SAN ANTONIO (AP) – Amid the rocky Israeli hills overlooking the Sea of Galilee, a Trinity University professor and a student have helped researchers excavate an ancient Jewish village and a monumental synagogue possibly dating back 1,700 years.
About two weeks ago, the crew unexpectedly uncovered portions of a colorful mosaic floor on one of the synagogue’s aisles, said Chad Spigel, assistant professor of religion at Trinity.
One portion of the mosaic depicts a biblical scene: Samson exacting fiery revenge against the Philistines for giving away his wife. The other showcases what appear to be two female faces with an inscription that is likely in ancient Aramaic, Spigel said.
While the project primarily seeks to date the synagogue and teach students how to excavate, the discoveries associated with the dig might help scholars better understand how Judaism developed in antiquity, Spigel said.
“Judaism shifted from temple worship—meaning you offered sacrifices—to synagogue worship at some point,” Spigel said. “The question is: When?”
Some researchers now believe that shift was more gradual than previously thought, he said.
The excavation of the ancient village of Huqoq, led by experts from the University of North Carolina at Chapel Hill and the Israel Antiquities Authority, just wrapped up its second season but is expected to continue each summer for the next five years.
When the researchers excavate below the mosaic floor, they hope to find coins, which might contain dates or faces of historical leaders, and pottery pieces, which can be dated depending on their style, Spigel said.

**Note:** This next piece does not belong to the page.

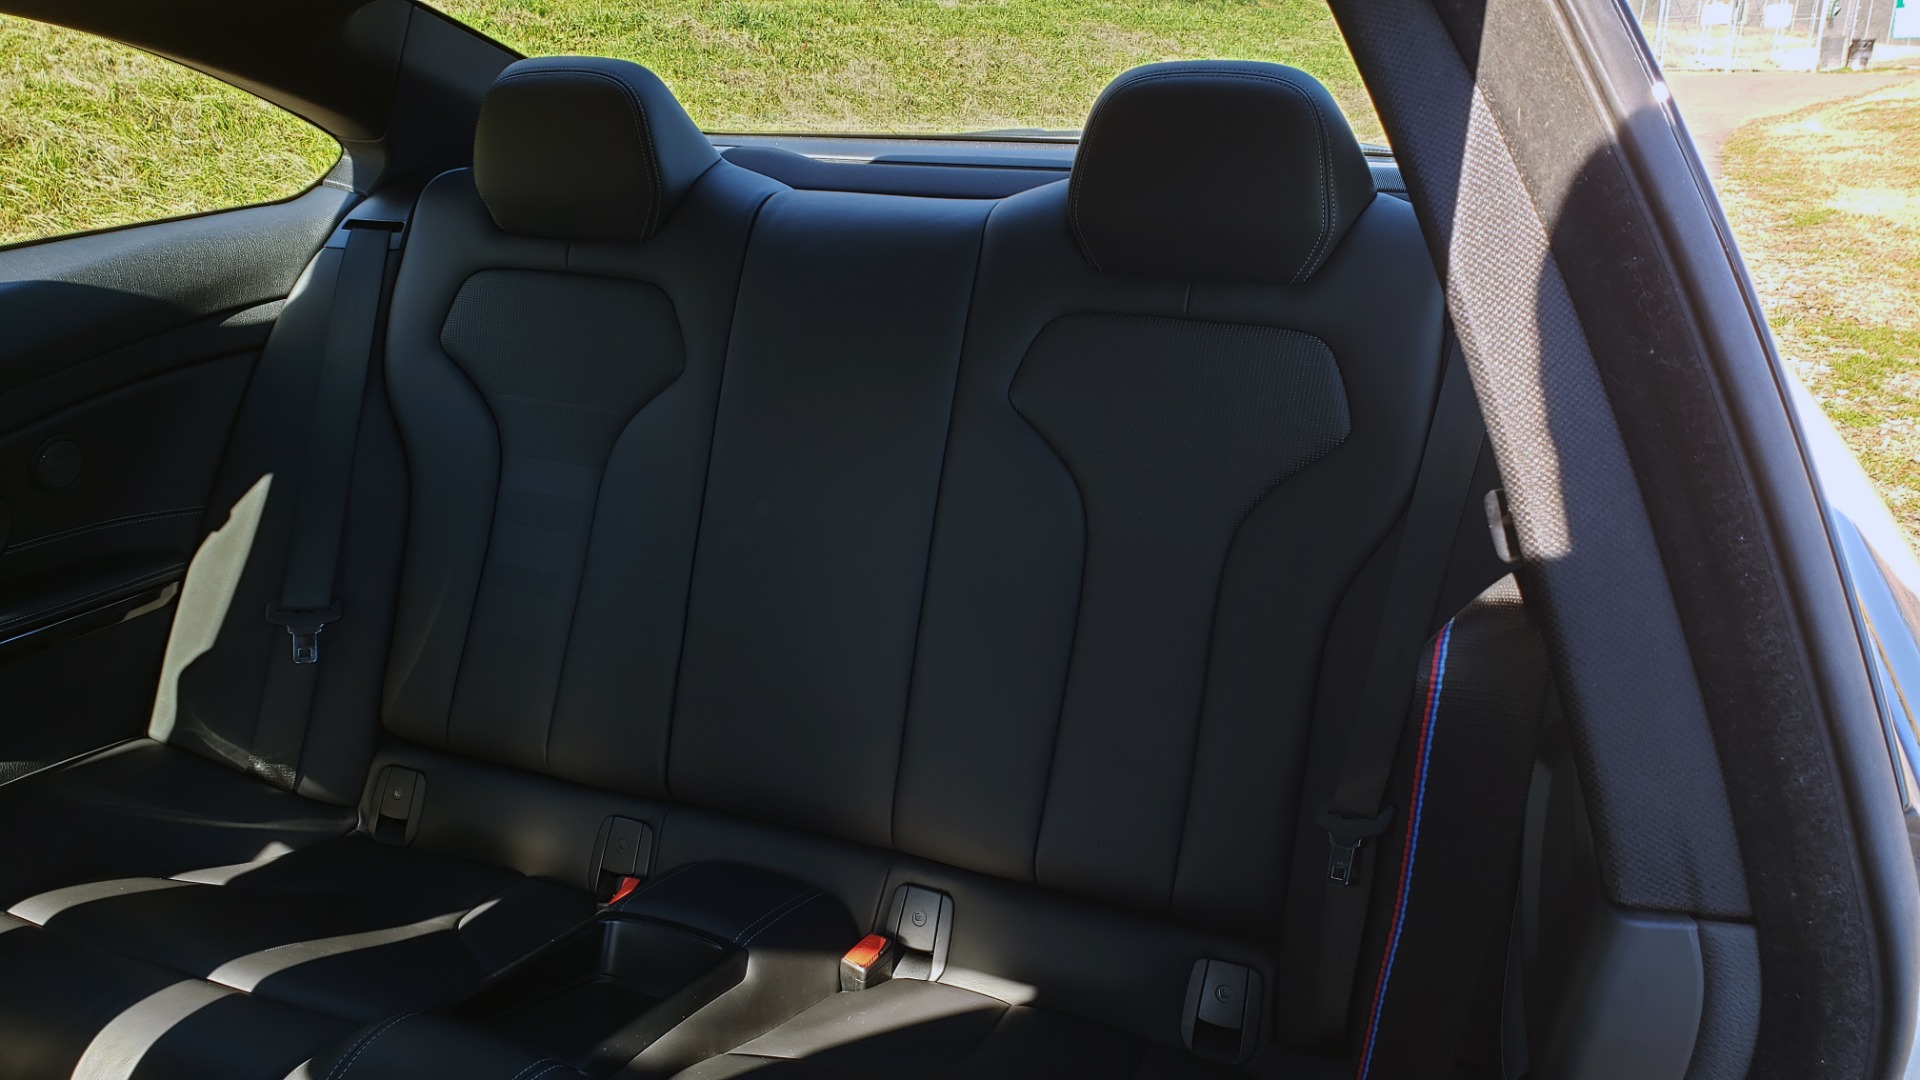 Used 2018 BMW M4 COMP PKG / EXEC / M-DRIVER / PARK CNTRL / ACTIVE BLIND SPOT for sale $45,449 at Formula Imports in Charlotte NC 28227 61

Dating this site, possibly from the late Roman period, could be helpful in determining a time frame for similar mosaics and synagogues elsewhere, he said.
Spigel said that based on the size of the stones in the foundation and walls of one corner of the synagogue, he believes that the structure might have seated between 200 and 400 people. The mosaic inside was made from colored stone cut into squares or triangles.
“Our mosaics are also important because of their high artistic quality and the tiny size of the mosaic cubes,” said project leader Jodi Magness of the University of North Carolina at Chapel Hill in a news release. “This, together with the monumental size of the stones used to construct the synagogue’s walls, suggest a high level of prosperity in this village, as the building clearly was very costly.”
The portion of the mosaic with two women’s faces contains a sentence fragment with a word that could mean either “commandment” or “good deed” and another word that refers to “labors,” Spigel said. The phrase might deal with the rewards for following the commandments, though researchers will compare it with inscriptions at other ancient synagogues and texts from the period to fill in the blanks.
The second image is believed to depict a passage from the Old Testament book of Judges in which Samson ties the tails of foxes together and places a torch between them to light the Philistines’ crop fields on fire, an act of revenge after his wife was given away to his companion.
“There’s another synagogue a few miles away that also has a scene from the Samson stories. So this is the second example we have of a mosaic with a Samson story from the general time period,” said Spigel, adding that they are now looking into this discovery’s significance.